Using the Google Cloud Console

The Google Cloud Console provides a point-and-click graphical user interface to your staging bucket. This is a good option for ad-hoc transfer of a few small files at a time.

For scripted transfers, transfers of very large files or many files at once, use one of the other options.

  1. Open a web browser to https://console.cloud.google.com/storage
  2. If prompted, authenticate using your Eureka credentials (typically ending with @hdcuser.org).
  3. Make sure the dropdown list to the right of the "Google Cloud Platform" logo on the top-left of the screen contains the name of your Eureka project. If it does not, click the down-arrow, and select your project.
  4. Within the table called "Buckets," you will see the name of your Eureka Staging Bucket, in the format [projectname-staging]. Click the name of the bucket to open the bucket.
  5. To upload files into your staging bucket, use the "Upload Files" or "Upload Folders" buttons. Alternatively, you can drag and drop files onto the whitespace on the bottom-right quadrant of the page to upload.
  6. To download files from your staging bucket, click on file names to download files via your web browser and select the location you want to download the file to.

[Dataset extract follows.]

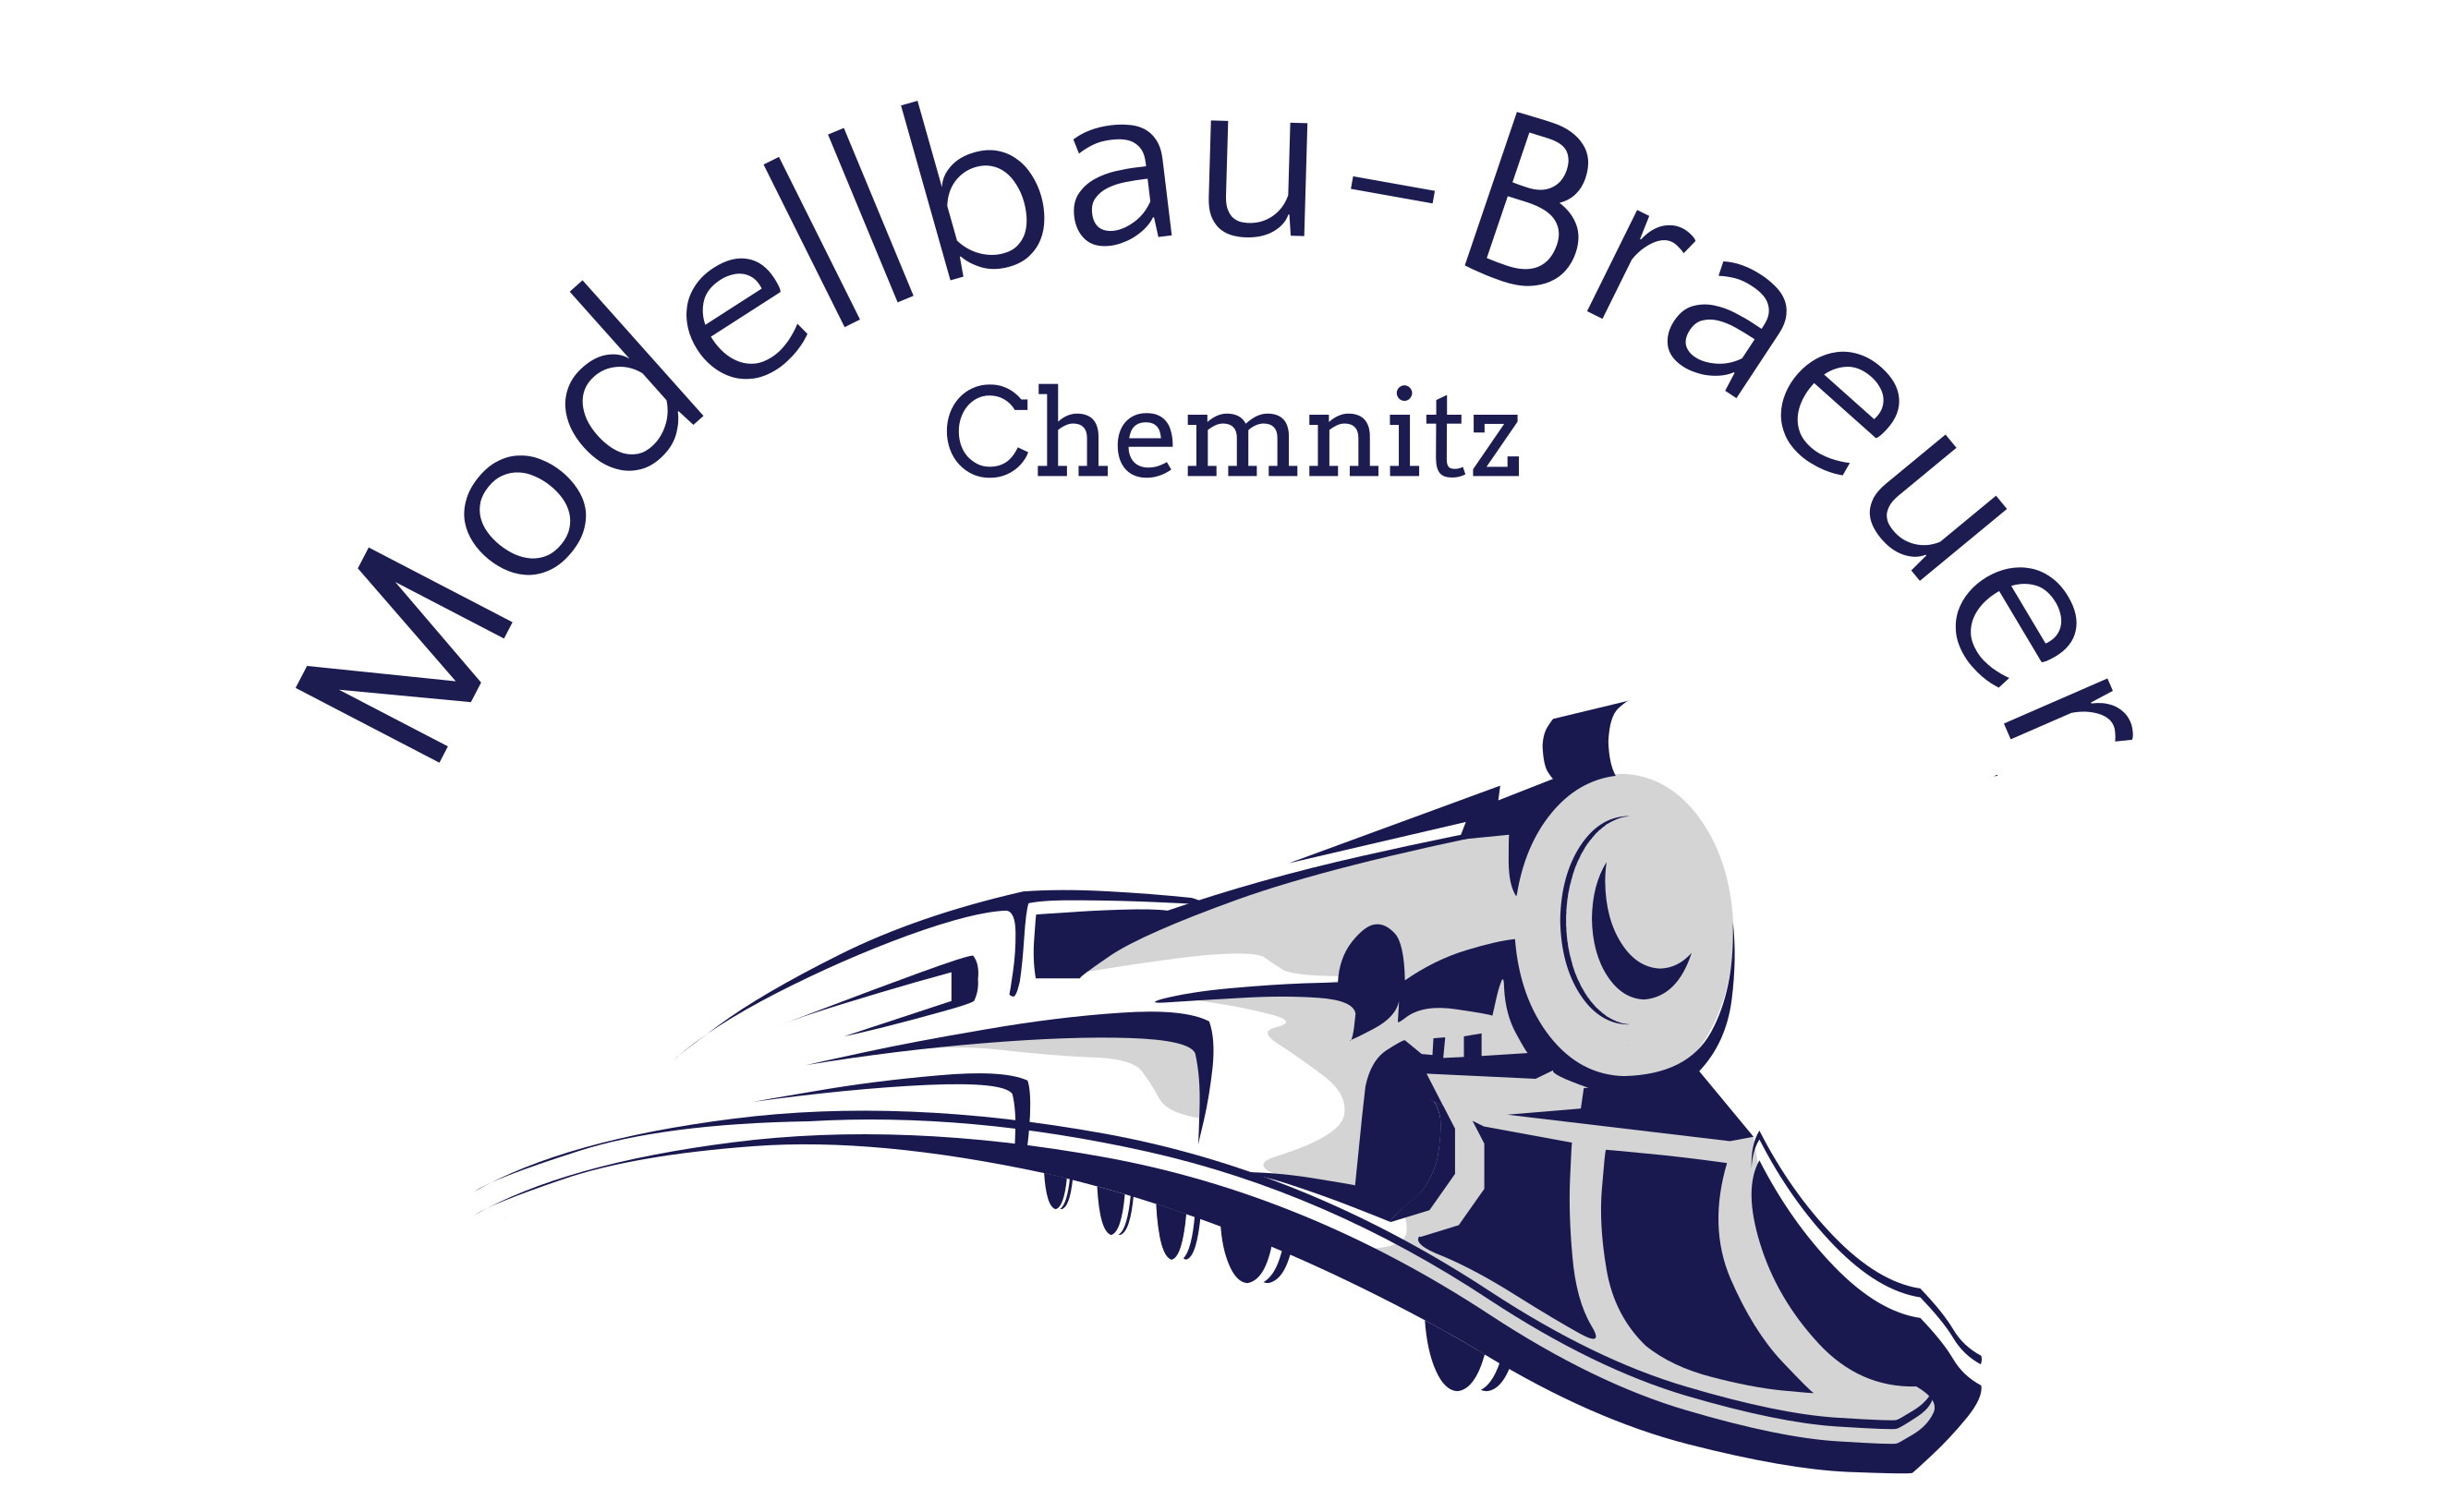 Modellbau-Bräuer

Using the gsutil Command-Line Interface

The gsutil command-line interface is extremely useful for transferring large files, large groups of files, or for scripting file transfer.

Configuring Your Credentials

gsutil is already installed on your Eureka App VM. To install gsutil on your local workstation from which you connect to your Eureka App VMs instructions are found here for Mac and here for Windows. You may need to configure your Google credentials on your Eureka App VM if you have not already done so. Run the following command from your Eureka App VM and follow the prompts. It may provide you with a long URL which you should paste into a web browser and authenticate using your Eureka credentials.

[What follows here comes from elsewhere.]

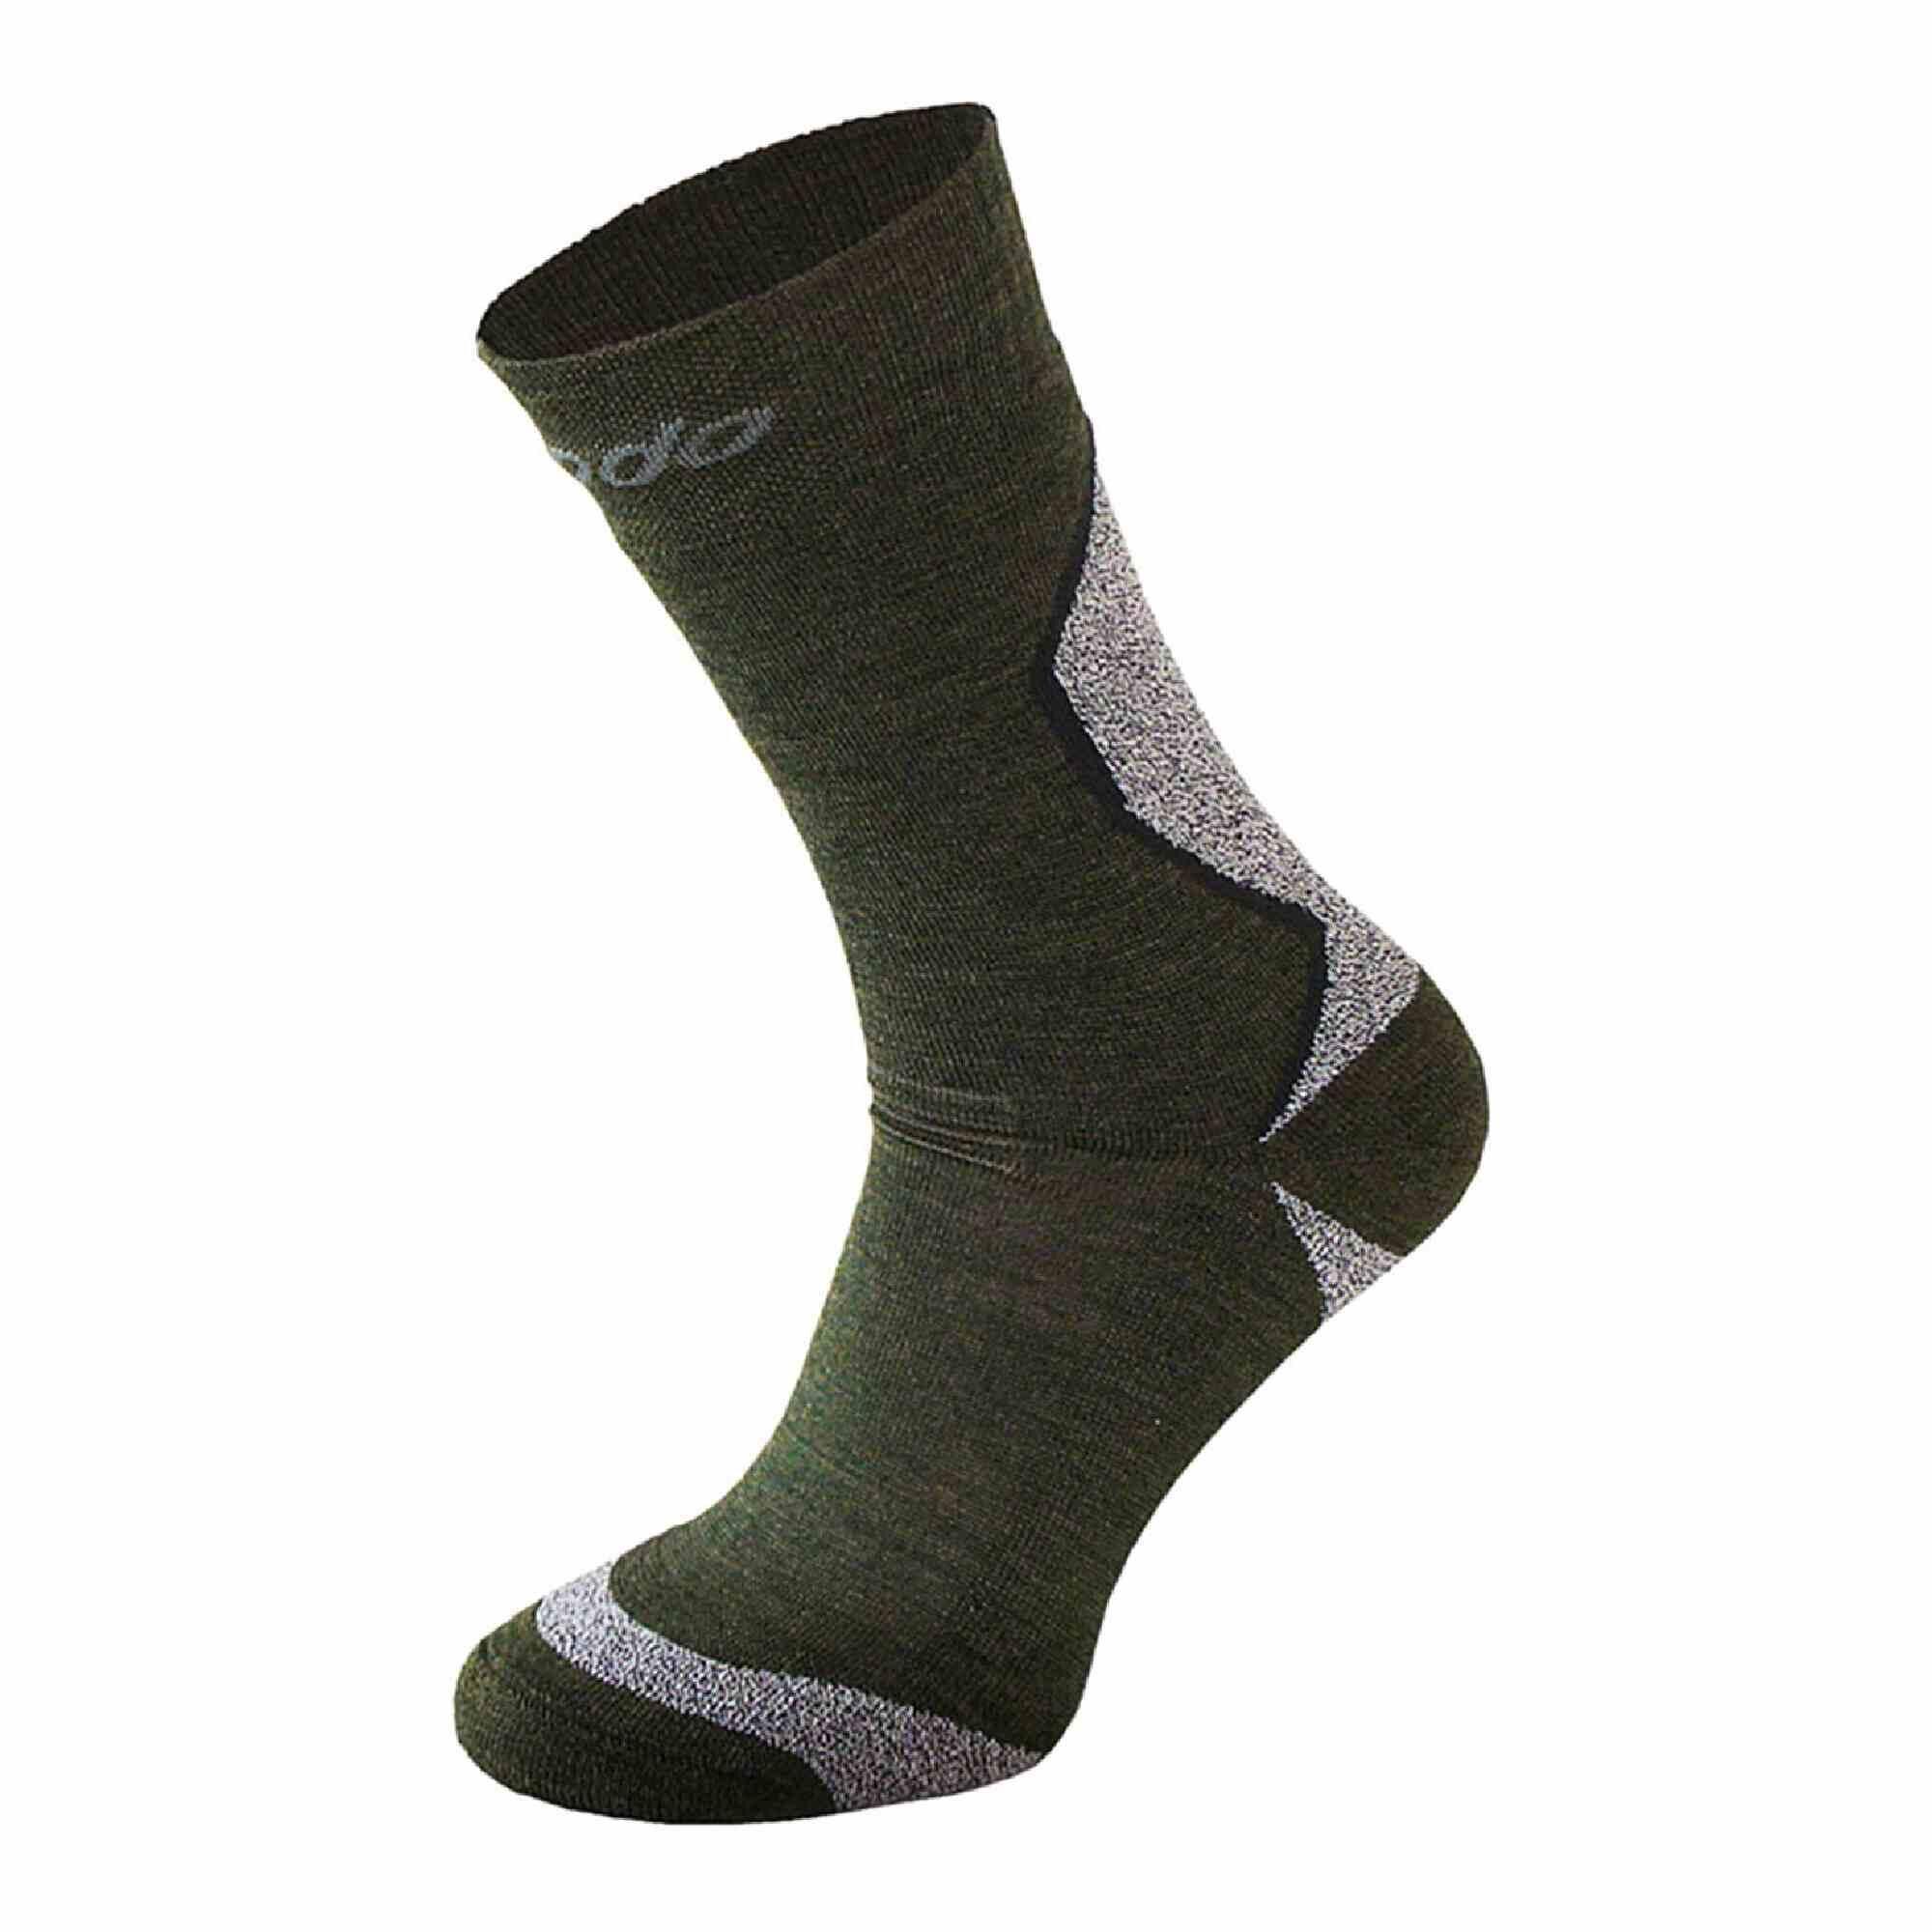 Walking Socks - Merino Wool Hiking Socks

gcloud auth application-default login 

Transferring Files

The basic syntax for transferring a file using gsutil is as follows:

gsutil cp [source] [destination]

Local files are specified following usual syntax, for example ~/myfile.txt. Your bucket will be specified as gs://[projectid-staging].

Examples, assuming a project id of hdcekaxmp:

  • To copy a local file to your staging bucket (this works from your Eureka App VM too):
gsutil cp myfile.txt gs://hdcekaxmp-staging
  • To copy a file from your staging bucket to a local file:
gsutil cp gs://hdcekaxmp-staging/myfile.txt. 

More Examples

  • The gsutil cp command is powerful, supporting wildcards, simultaneous file transfers, resumeable transfers, and more. For examples, see the gsutil cp documentation.
  • To synchronize entire folder hierarchies with your staging bucket, see the gsutil rsync command.

Using GCSFuse

GCSFuse allows you to mount your staging bucket as a folder within a Linux or MacOS filesystem. (This feature is not available on Windows systems.) You can use GCSFuse to mount your staging bucket on your Eureka App VM, your local workstation, or both.

Setting Up GCSFuse on Your Eureka App VM

GCSFuse is already installed on your Eureka App VM -- you only need to configure it.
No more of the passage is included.